Categories
Collection databases User experience

Will schools use collection content? The Learning Federation Pilot Report

Over the last 12 months the Powerhouse, along with the National Museum of Australia and Museum Victoria, has been involved in supplying collection data to joint pilot project between the Le@rning Federation (TLF) and the Council of Australasian Museum Directors (CAMD) from March 2008 to May 2009

Museums have always had difficulty preparing material to service education audiences and there hasn’t been a great deal of specific work done looking at how schools actually end up using museum materials. Nor has there been an emphasis on developing ways of speeding up the process of delivering collection records to schools in usable formats and (re)written appropriate for classroom integration. Instead, museums have tended to focus on developing separate areas of their websites holding bespoke content made for schools and aligned with State and National curricula – in many ways mirroring the, often divisive, split in museums between curatorial and research areas and ‘education’ areas.

This pilot project looked at changing this. First it trialled programmatic ways of integrating existing collection content into the everyday teaching in school environments and then evaluated the relevance and use of museum collection records in these scenarios.

Each institution selected a bundle of collection records (643 in total – 2300 were initially envisioned) for the trial and then supplied them using the ANZ-LOM schema. These records were quality checked by Learning Federation specialists and then integrated into their Scootle platform where they could be mixed with other learning assets, tagged, shared, remixed and brought into lesson plans.

Schools, teachers and students discovered the objects with an ‘educational value statement’ through the Scootle portal and then could visit the museums’ own records directly (via persistent URLs) for further drilldown. This added a useful layer of contextualisation, discoverability, and syllabus mapping rarely found on the museums’ own websites (and never in collection databases).

Focus groups were then held with schools who were using the materials to look at exactly how museum objects were being used, and more importantly how teachers and students evaluated their usefulness.

The obvious hurdles of Copyright, content suitability, writing style at the museum end, and the teacher training at the schools end were far greater than any of the technical data supply issues.

Tellingly –

Of the 643 digital resources provided to schools as part of the new model of collaboration between TLF and the three museums, 55 digital resources were selected by schools to include in collaborative learning activities. Of this number, six resources were used more than once. (pg40)

. . .

Even though only a limited number of digital resources were available for the Trial, teachers were generally positive about the quality of these materials.
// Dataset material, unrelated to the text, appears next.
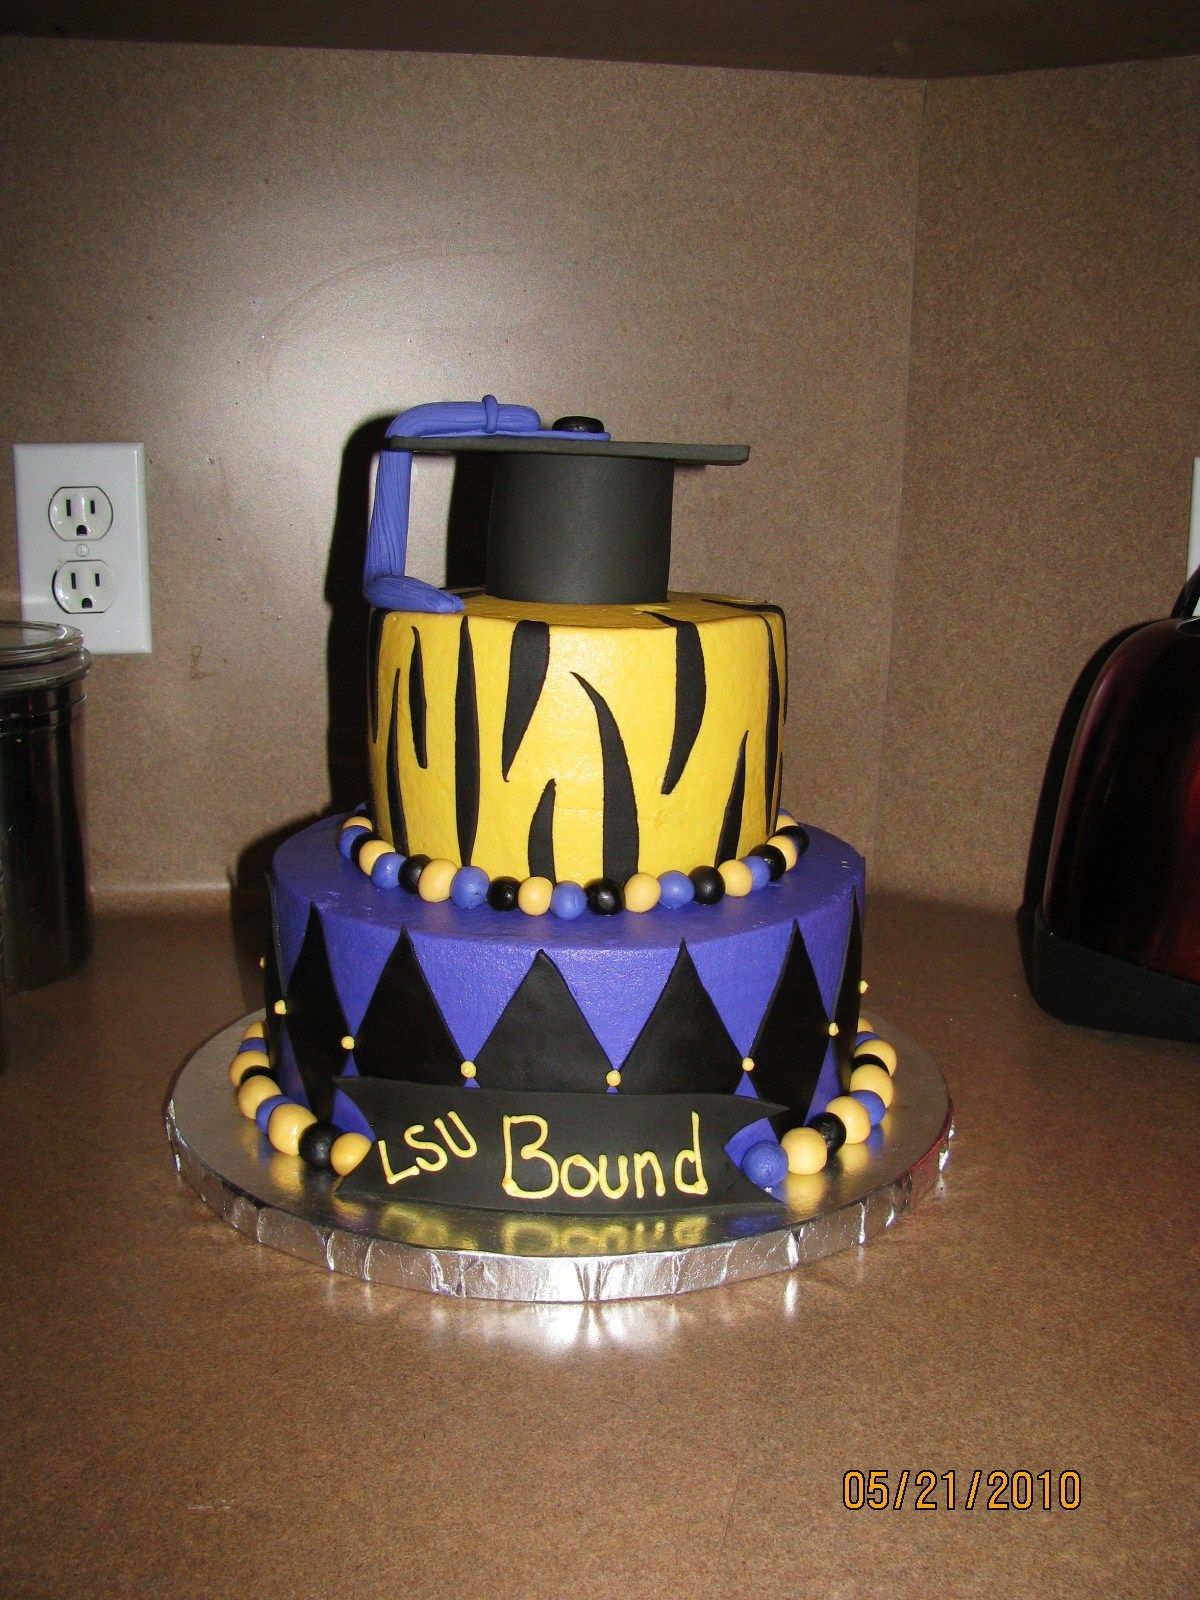 Lsu Graduation Cake 9 And 6 Inch Cakes Buttercream W Fondant

While 73 per cent of teachers believed that the museum content was comparable in quality to other TLF resources, 100 per cent believed that it provided important background information and was well described for their purposes. (pg 41)

The report is available as a PDF from the Learning Federation directly (2mb).

Whilst the report is huge, it is important reading for everyone involved in trying to ensure museum content is written and delivered appropriately for the education sector.